Karena itu, di era kontemporer sekarang ini, ujian terbesar yang dihadapi budaya lokal
adalah mempertahankan eksistensinya di tengah terpaan globalisasi. Strategi-strategi yang
jitu dalam menguatkan daya tahan budaya lokal perlu dirumuskan.

E. Problematika Budaya Indonesia di Era Globalisasi

Problematika yang dihadapi budaya nasional dan lokal di Indonesia di masa lalu jauh
berbeda dibandingkan masa kini. Di masa lampau, globalisasi telah terjadi dalam model yang
berbeda Sejarah abad ke-5 mencatat, kemapanan budaya lokal yang merupakan akumulasi
dari budaya masyarakat di sekitarnya dimasuki tradisi dan budaya Hindu. Di abad ke-13,

1
tradisi muslim turut memasuki budaya lokal. Hal itu disikapi dengan proses akulturasi yang
wajar tanpa rekayasa

sehingga melahirkan kebudayaan baru yang bernuansa Hindu dan Islam yang khas Indonesia.

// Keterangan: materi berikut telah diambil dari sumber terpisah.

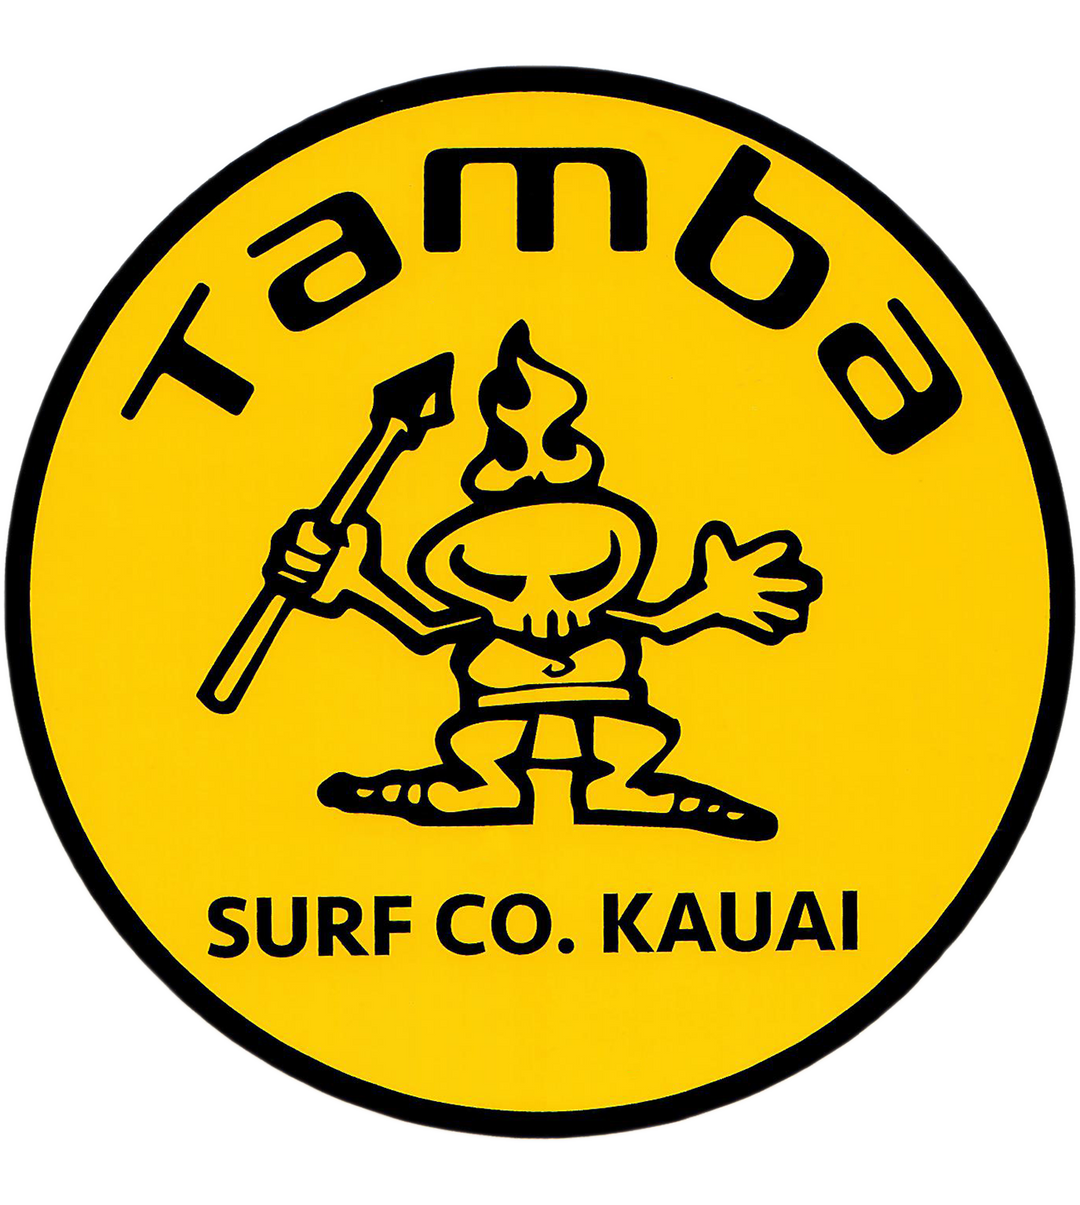 Tamba Stamp Sticker 5 x 5
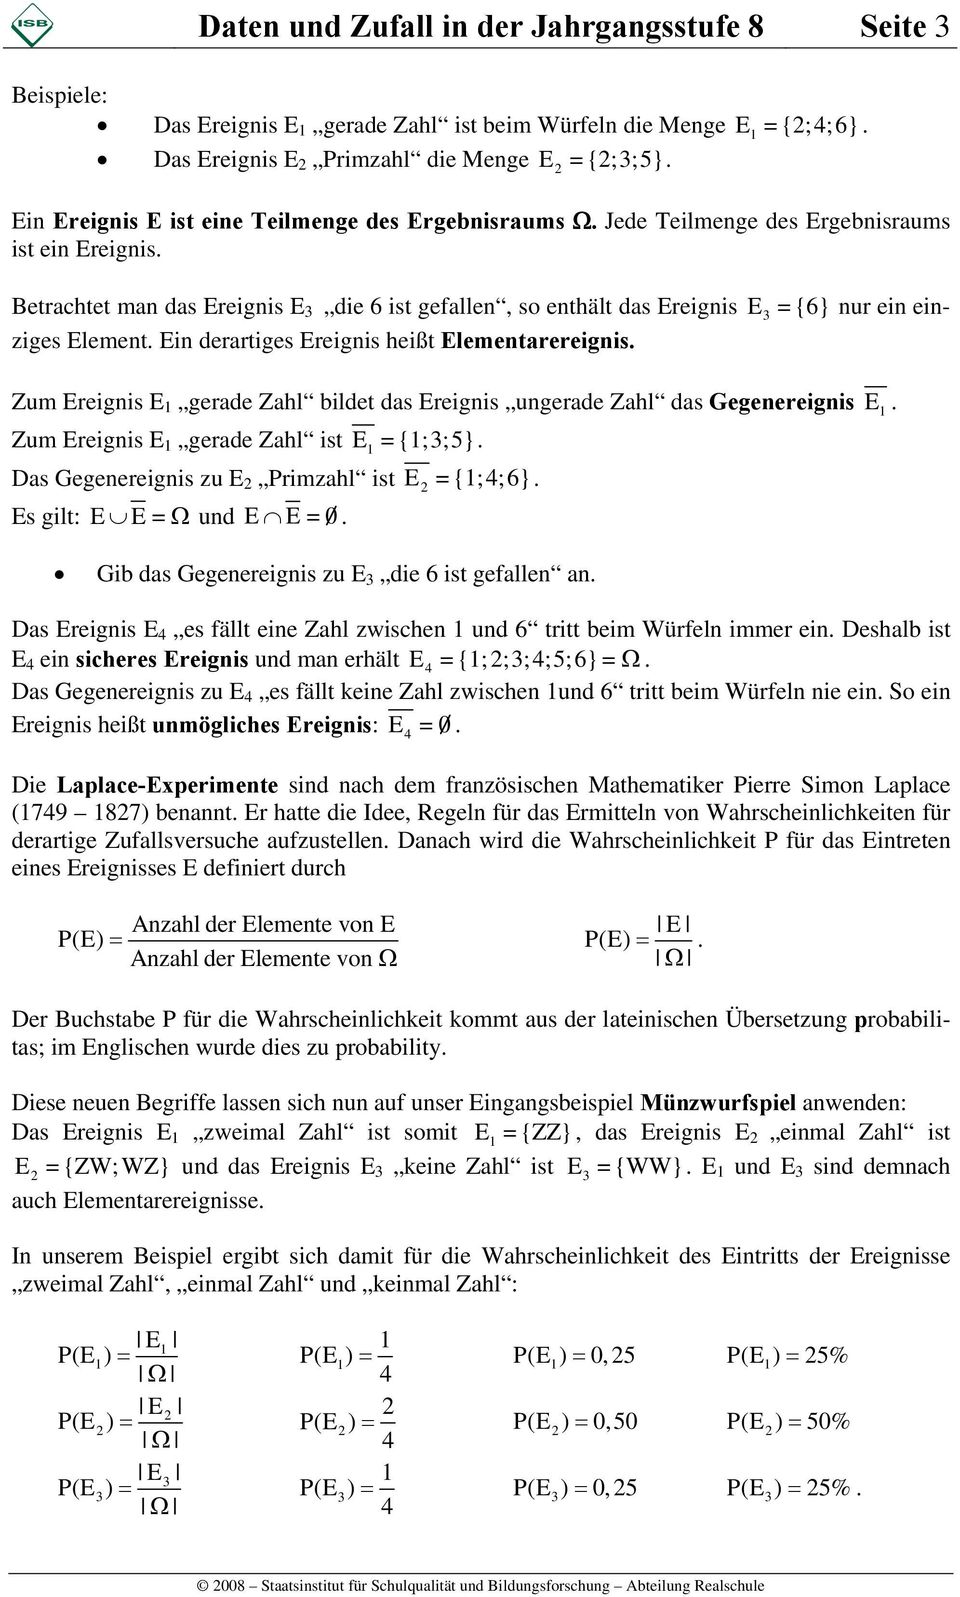 Betrachtet man das Ereignis E die ist gefallen, so enthält das Ereignis E = {} nur ein einziges Element. Ein derartiges Ereignis heißt Elementarereignis.

Kolonialisme Belanda mulai abad ke-16 mengeser budaya lokal untuk lebih dekat ke
Barat. Tetapi, pergeseran itu tidak membuahkan perubahan berarti. Dalam kebudayaan Jawa
misalnya, strategi budaya ’ngeli tanpa ngeli’ (menghanyut tetapi tidak ikut benar-benar
hanyut dalam menghadapi gelombang perubahan zaman) telah terbukti berhasil menangkal
arus budaya asing (Suryanti 2007).

Namun, situasi masa lalu jelas berbeda dengan masa kini. Modus dan skala globalisasi
telah berubah. Sekarang, dunia mengalami Revolusi 4T (Technology, Telecomunication,
Transportation, Tourism) yang memiliki globalizing force dominan sehingga batas
antarwilayah semakin kabur dan berujung pada terciptanya global village seperti yang pernah
diprediksikan McLuhan (Saptadi 2008).

Kondisi itu memunculkan permasalahan pada melunturnya warisan budaya. Bukti


nyata kelunturan warisan budaya itu antara lain dapat disaksikan pada gaya berpakaian, gaya
bahasa, dan teknologi informasi. Rok mini dipandang lebih indah daripada pakaian rapat.
Bahasa daerah, bahkan bahasa nasional, tergeser oleh bahasa asing. Di berbagai kesempatan
seringkali terlihat masyarakat lebih senang menggunakan bahasa Inggris karena dipandang
lebih modern.

Pola konsumsi masyarakat juga beralih pada makanan-makanan cepat saji (fastfood)
yang bisa didapatkan di restoran. Pizza, spaghetti, hamburger, fried chicken dianggap lebih
menarik daripada makanan lokal. Aneka makanan itu menawarkan kepraktisan. Masyarakat
menilai globalisasi telah mendorong terciptanya kecepatan, efisiensi, efektivitas yang
bermuara pada kepraktisan dalam segala hal. Tidak hanya dalam makanan, budaya asing yang
mengglobal juga menawarkan kepraktisan dalam berpakaian dengan cukup mengenakan
kemeja, kaos, celana dan rok. Sebaliknya, budaya lokal dinilai terlalu rumit. Dalam
kebudayaan asli Jawa, masyarakat dianjurkan memakai beskap dan kebaya yang cara
pemakaiannya memakan waktu lama (Suryanti 2007).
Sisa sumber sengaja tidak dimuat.